Systems · Content automation
Human-approved social publishing pipeline
A Python service for a football content workflow. It finds stories, drafts captions, checks and cuts out real photos, and renders branded posts, carousels and reels. A person picks, shapes and approves every post in Telegram before it goes to Instagram.
At a glance
Role
Designed and built it with Claude Code. I operate it and approve every post.
Tools
- Python
- Telegram Bot API
- Instagram Graph API
- Pillow
- FFmpeg
- Gemini 2.5 Flash
- BiRefNet on fal
Outcomes
- Nothing is drafted until a story is picked, and nothing is published without an explicit approval.
- Real photos pass five checks before they are offered; subjects are cut out, not generated.
- 342 offline tests pass with every network call stubbed.
Links
The problem
Football news moves fast, and an account needs posts within minutes, in a consistent voice and look. Fully automatic posting risks wrong facts and unusable photos; fully manual posting is too slow.
The service does the searching, drafting, checking and rendering. The person keeps the judgement: which story, which words, which photo, and whether it goes out at all.
From story to published post
-
01
Collect stories
Every two hours the service refreshes its story pool. Outside quiet hours (23:00 to 08:00) it sends a menu of up to ten stories, at most three per source.
-
02
Pick one
The operator picks a story, filters the menu, asks for a topic or pastes a link.
Human approval -
03
Draft and search
Three caption options in the house voice, and candidate photos from the article, image search and open libraries.
-
04
Shape it
Choose caption A, B or C, a headline word and photo 1, 2 or 3. Edit in plain language, undo, or send an exact edit.
Human approval -
05
Build the post
The cut-out, headline, grade and wordmark are rendered into a single post, carousel or reel preview.
-
06
Approve
Post as a single image or carousel, or cancel.
Human approval -
07
Publish
The post goes to Instagram and the live link comes back to the chat.
Human approval
Five checks before a photo is offered
- 01
Source filter
Watermarked stock-agency hosts are dropped before anything is downloaded.
- 02
Resolution
The short side must be at least 500 px. No thumbnails.
- 03
Vision check
A vision model confirms the right subject and face, and rejects watermarks and pre-made graphics.
- 04
Cut-out
A segmentation matte isolates the subject, who must fill at least half the frame height.
- 05
Crop
The frame is auto-cropped to 4:5 for the post canvas.
Output formats
| Format | Size | Built from |
|---|---|---|
| Single post | 1080 × 1350 | Fixed headline at the top, cut-out subject with rim light and shadow, grain, wordmark and accent colour |
| Carousel | 1080 × 1350 slides | Photos cropped to 4:5 with a light grade and the wordmark |
| Reel | 1080 × 1920 | A pasted clip with a hook card, highlighted punch word and source credit, composed with FFmpeg |
Limits that keep the operator in control
- Open drafts
- New menus pause while two drafts are waiting for a decision.
- Unpicked stories
- Return to the pool and can be offered again after 90 minutes.
- Failures
- A failed attempt returns the story to the menu instead of marking it used.
- Keys
- API keys live only on the server, never in the repository.
The menu gate
NEWS_INTERVAL_S = 2 * 60 * 60
QUIET_START, QUIET_END = 23, 8
MAX_OPEN_DRAFTS = 2
MENU_SIZE = 10
RE_PITCH_COOLDOWN_MIN = 90
SOURCE_CAP = 3
…
if not _awake():
log.info("cycle: quiet hours — pool refreshed, no menu")

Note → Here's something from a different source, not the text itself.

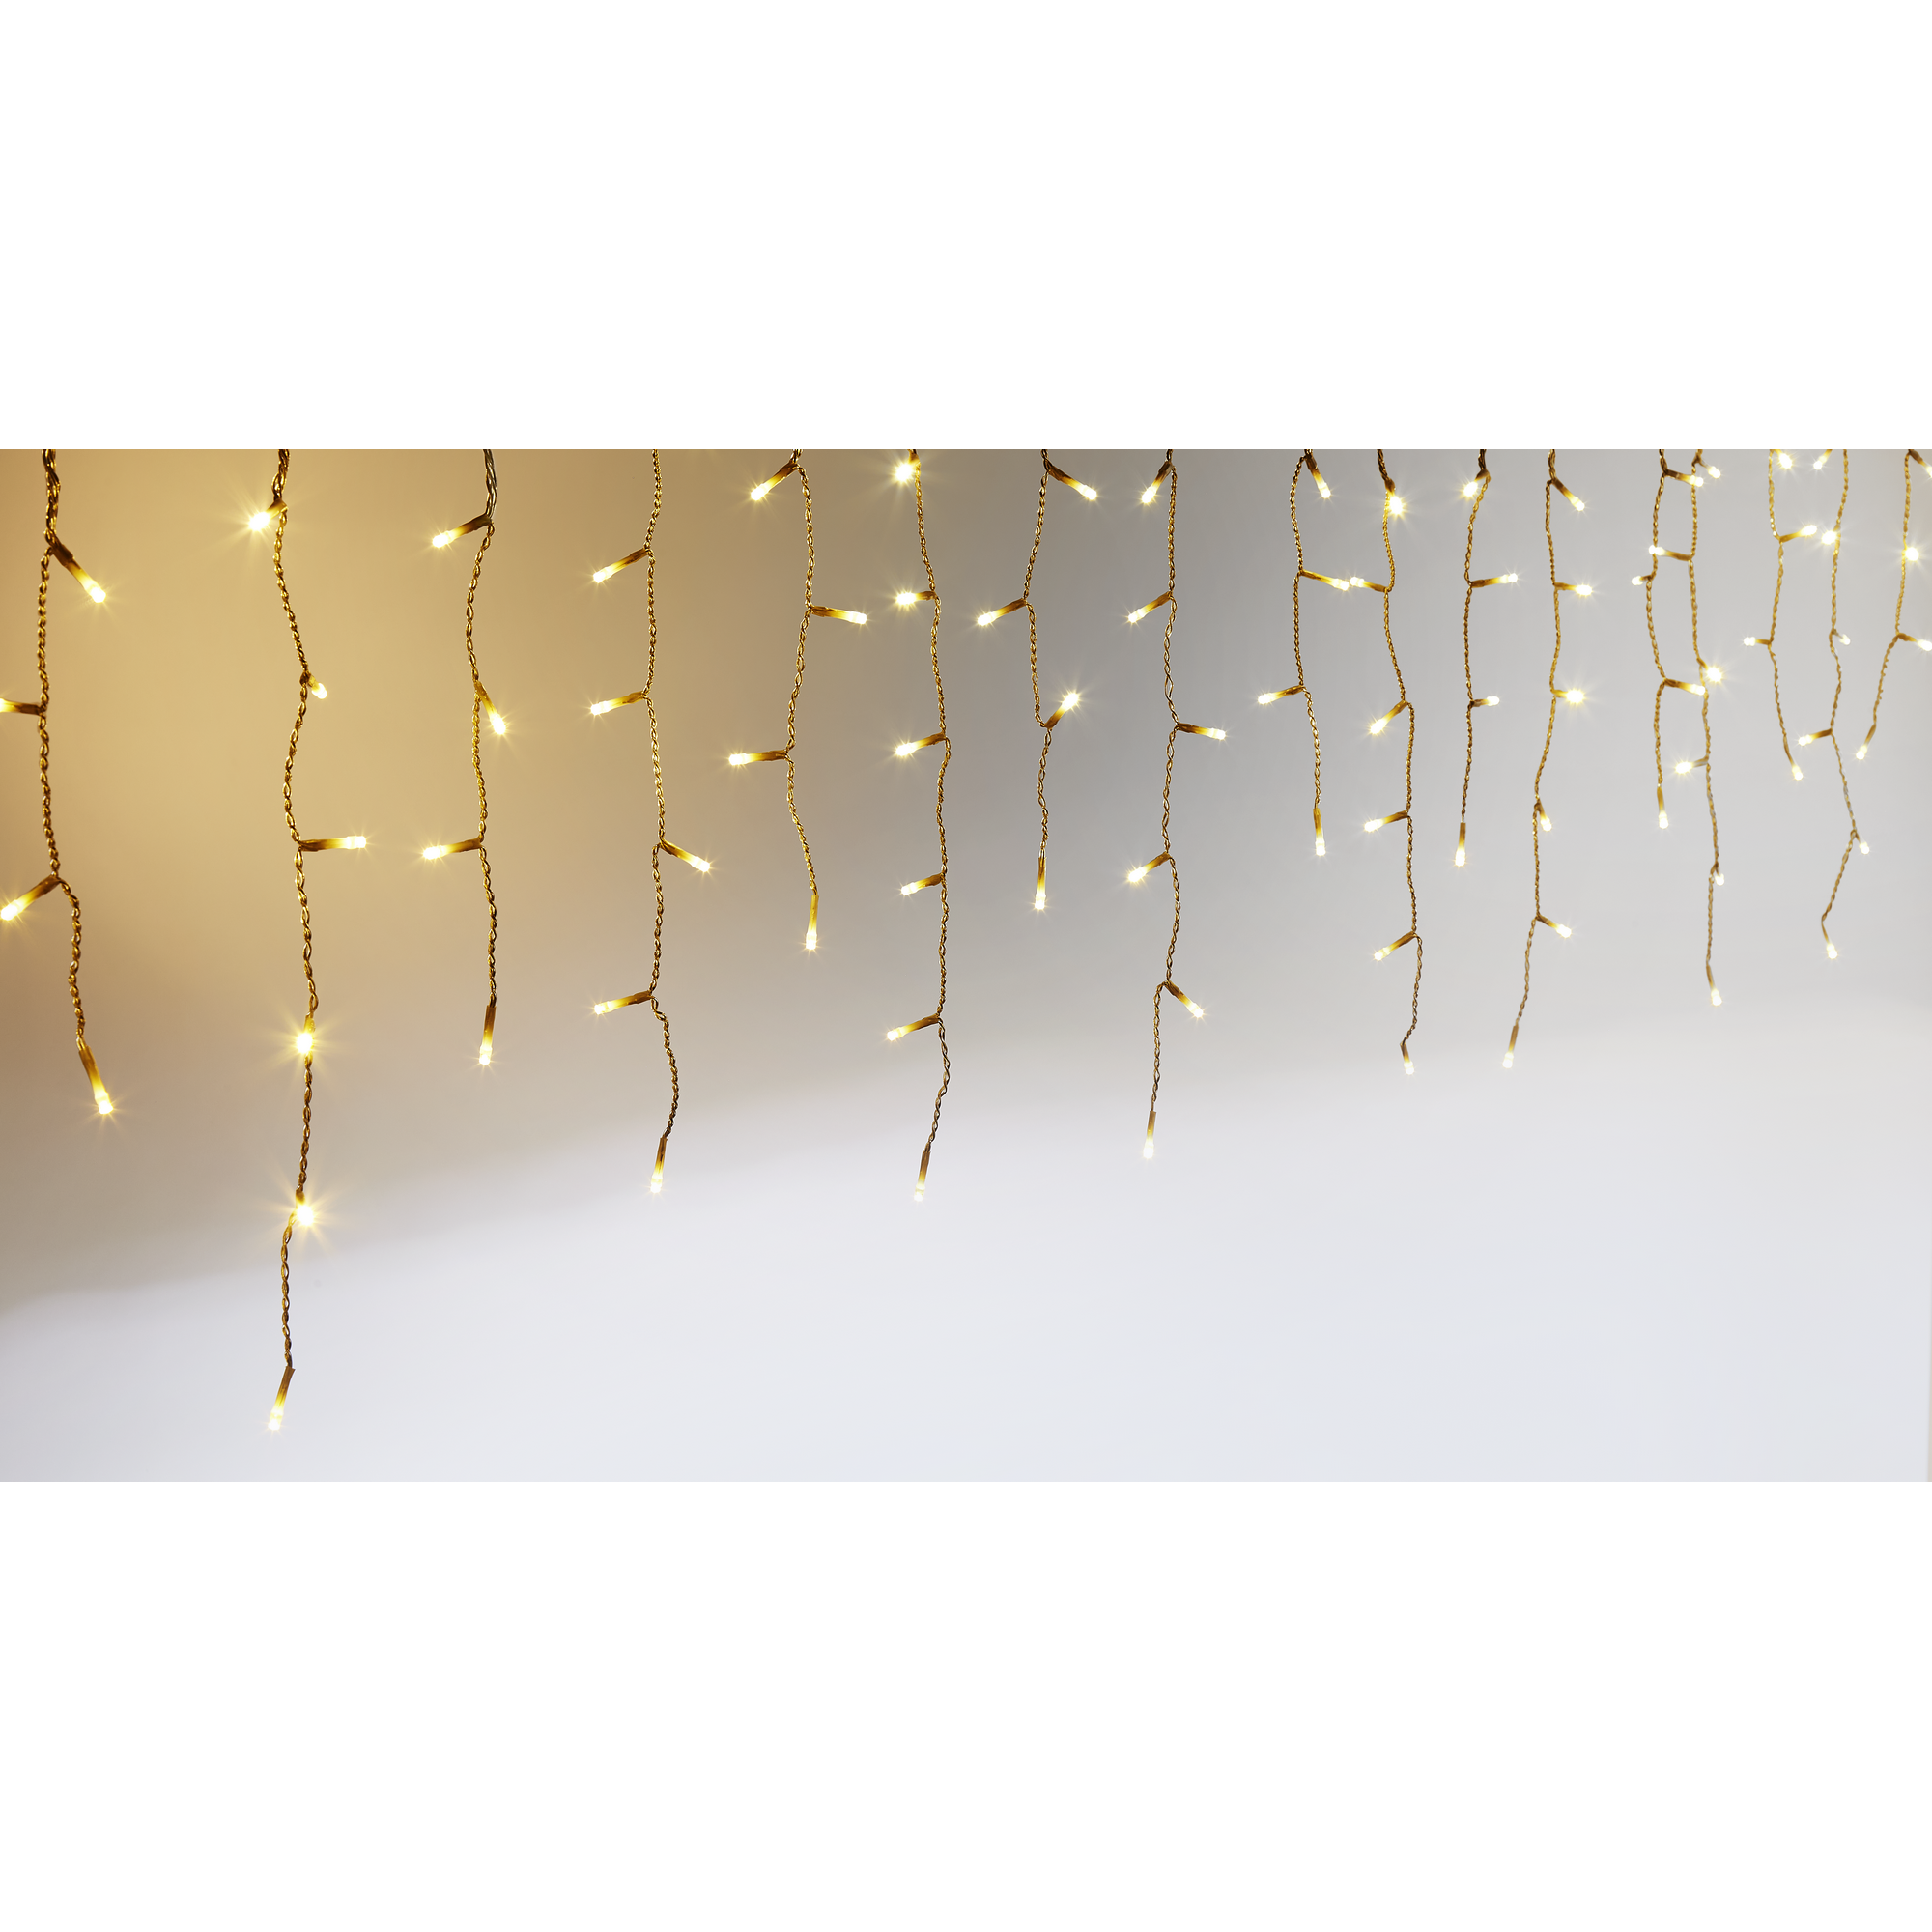 LED-Lichtervorhang 'Eisregen' 400 LEDs warmweiß 80 Stränge 950 cm + product picture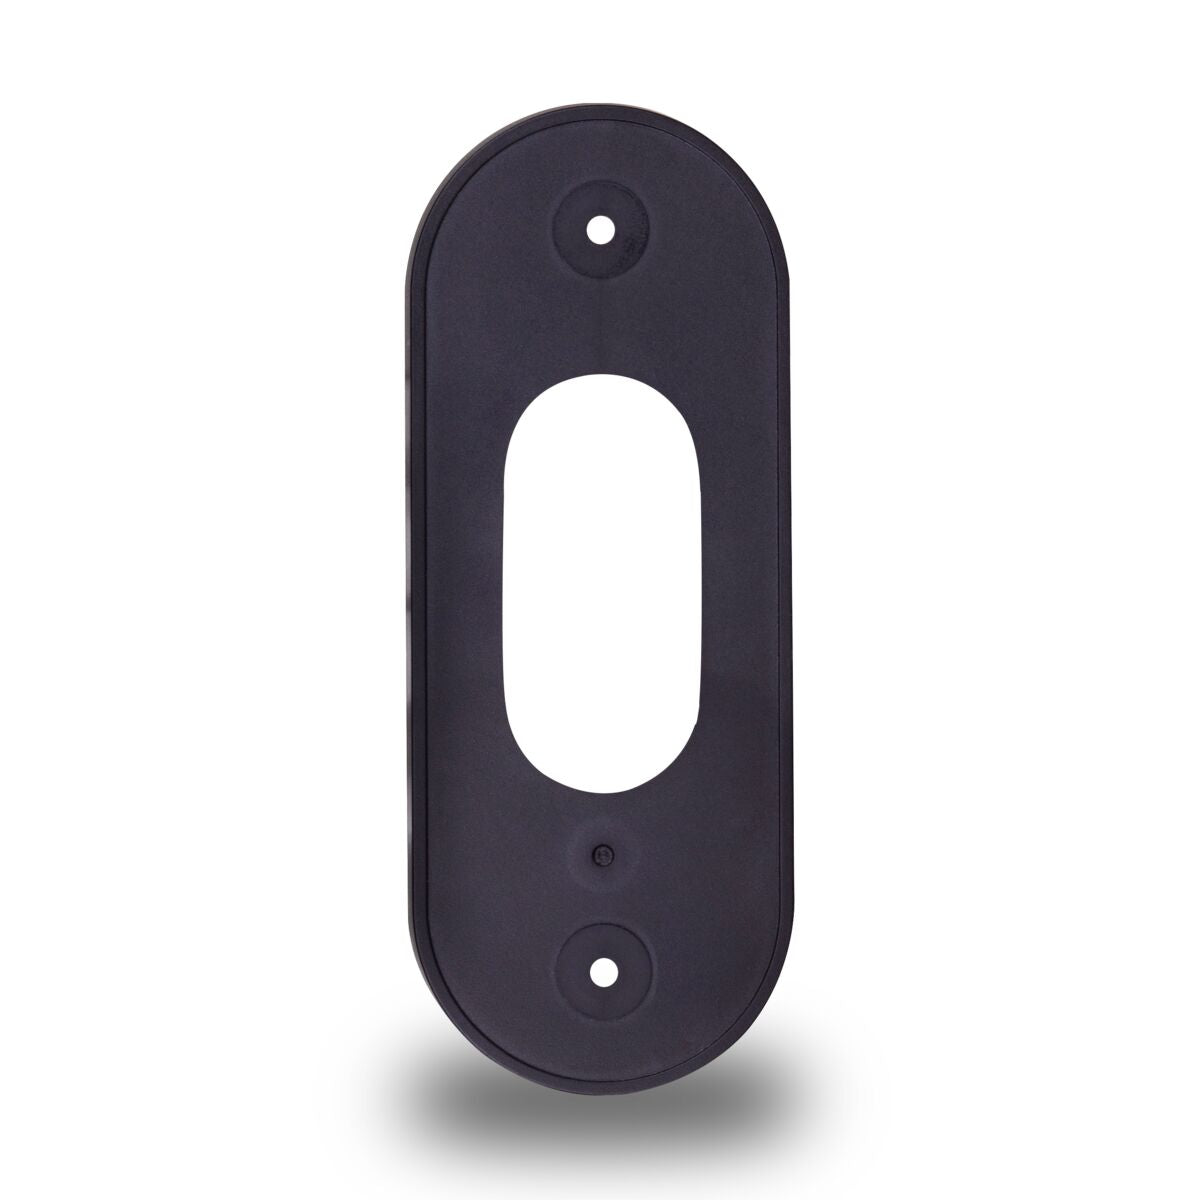 Buzz LO - Doorbell camera - Mounting Piece Back View Image | Marmitek

return {"ok": True, "skipped": "quiet hours"}
_expire_stale_drafts()
open_rows = _open_draft_rows()
if len(open_rows) >= MAX_OPEN_DRAFTS:
…
stories = list_story_candidates()
if not stories:
return {"ok": True, "skipped": "nothing new to pitch"}
out = send_story_menu(stories)
The scheduler never drafts on its own. It only offers a menu, and holds it back in quiet hours or while decisions are pending.
Architecture
Operator
- Telegram chat: menus, options, previews, approve and cancel
Python service
- Scheduler and story pool
- Drafts: captions, headline words, edits
- Images: search, checks, cut-outs, crops
- Templates: posts, carousels, reel cards
- Reels: clip fetch and FFmpeg compose
Models
- Caption model: GLM, with Gemini 2.5 Flash as fallback
- Gemini 2.5 Flash for vision checks
- BiRefNet on fal for segmentation
Publishing
- Instagram Graph API: image, carousel and reel
- Cloudflare R2 for image hosting
One plain Python service using httpx, Pillow and boto3. Models are called over plain HTTP, with no agent framework.
Testing
- Tests
- 342 passing on 15 September 2026, run offline with a fake Telegram client and every network call stubbed.
- Screens
- The live chat and the published posts identify the account, so this page shows the flow, checks and formats instead of screenshots.